See results without votingCapital Punishment
John Allen Muhammad has met his Maker. In the autumn of 2002, Muhammad along with Lee Boyd Malvo as an accomplice, shot and killed ten people in the Washington DC area.
Convicted as the Beltway sniper mastermind, he was executed by lethal injection on November 10, 2009 at Greensville Correctional Center in Jarratt, Virginia. He was pronounced dead at 9:11 PM EST.
The question of capital punishment now gets some time in the limelight. Debates about its morality are being waged in boardrooms, backrooms and electronic chatrooms. Is it justice? Or is it vengeance? Is it the ultimate penalty for the ultimate crime? Or is it surrender to barbaric instincts? Emotion-soaked opinions are being tossed around without concern for statistics or principle.
In the Oprahized culture of the day, the loudest expression of feelings carries the most weight. Bumper-sticker cliches and sound-bite arguments can’t be avoided. It would be easy to stir the pot here, but to what purpose?
No Horns Or Pitchforks
The nondescript appearance of John Allen Muhammad captured my attention. It began to fascinate me or perhaps it is far more accurate to say that it disturbed me.
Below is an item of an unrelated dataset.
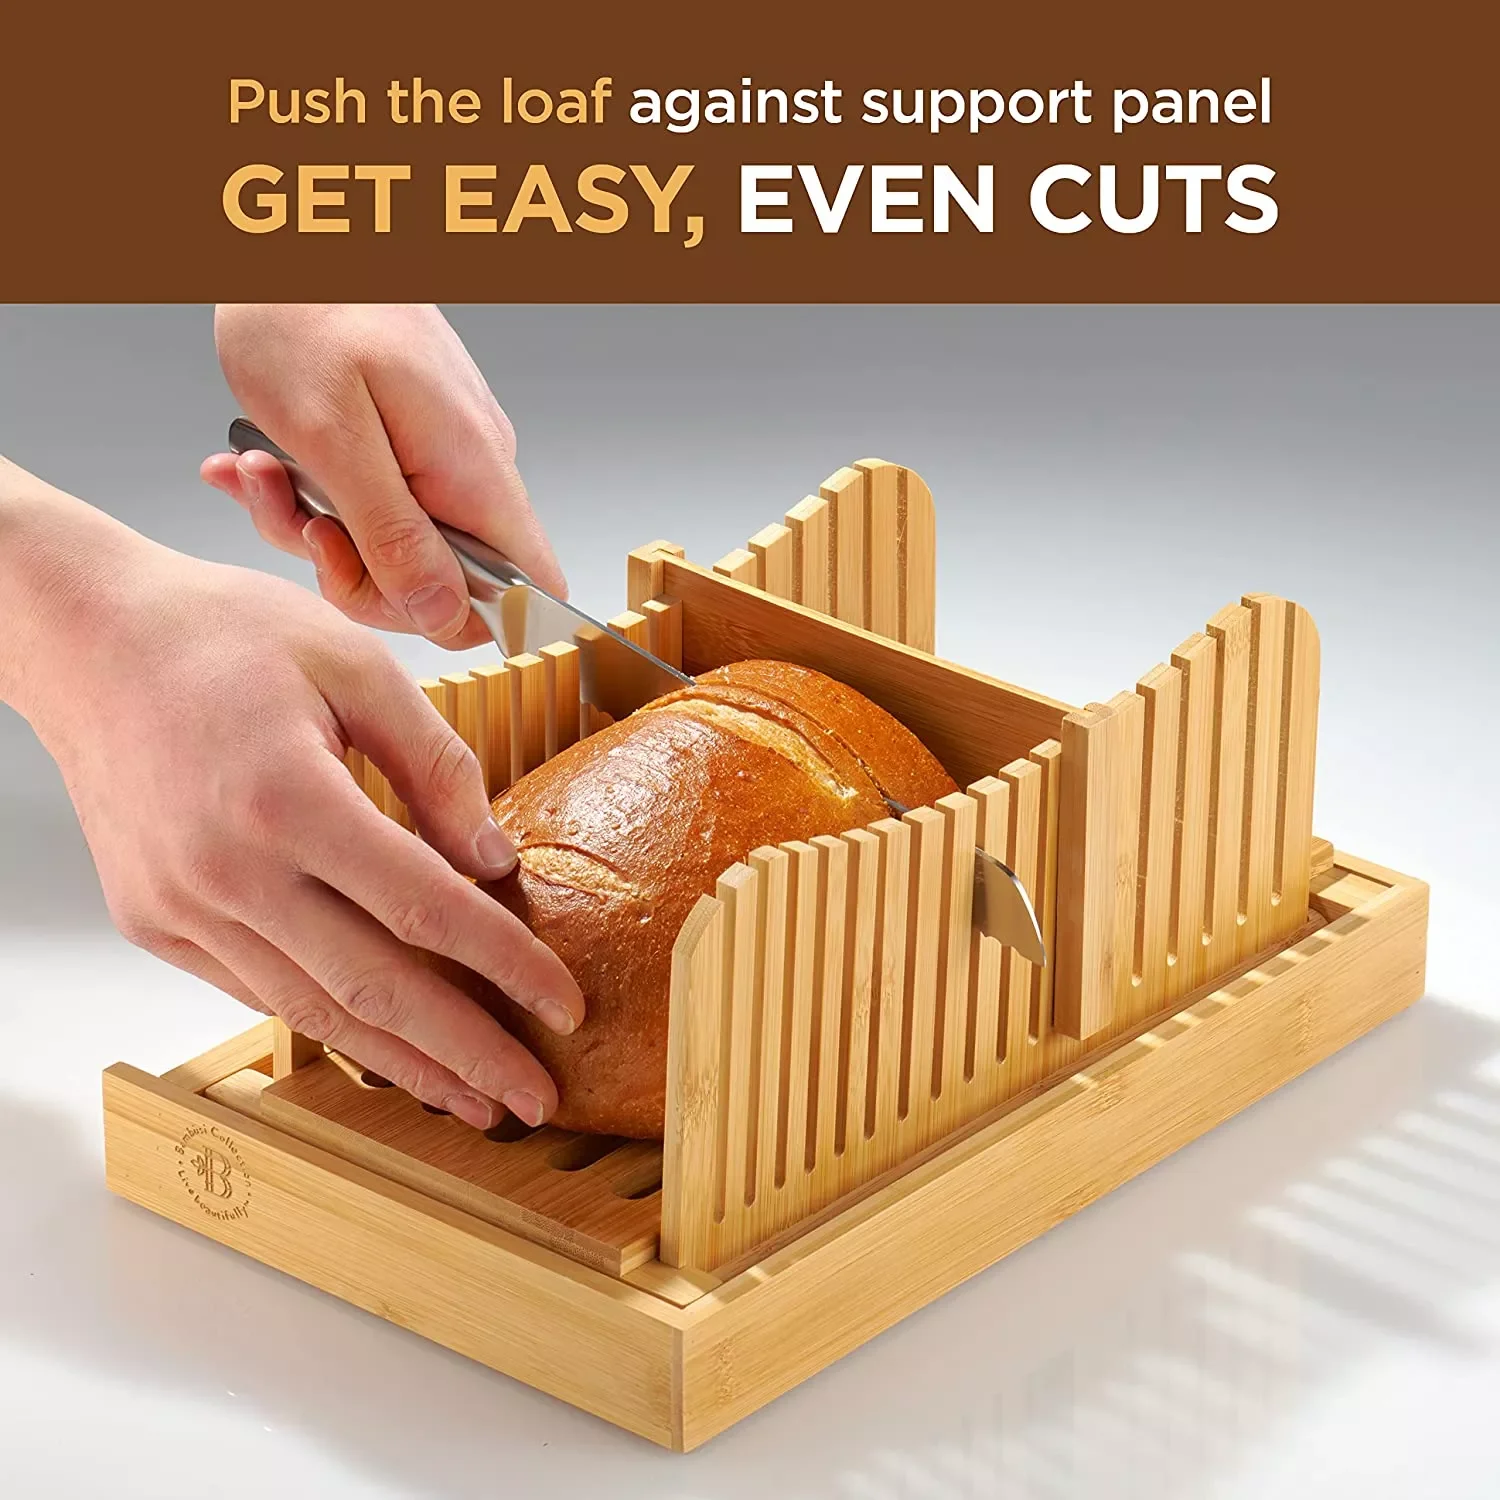 

Bamboo Bread Slicer Cutting Guide with Knife - 3 Slice Thickness Foldable Compact Cutting Board with Crumb Tray Stainless Steel

One would expect that the person who orchestrated the cold-blooded shooting spree that terrorized Washington DC and kept the commentators hopping for weeks would look like a monster or at least a wild-eyed bogeyman. But he didn’t. He looked normal. He had all the coiled fury of Barney Fife. His eyes gave no particular indication about the turmoil in his soul. He could have been the guy next door.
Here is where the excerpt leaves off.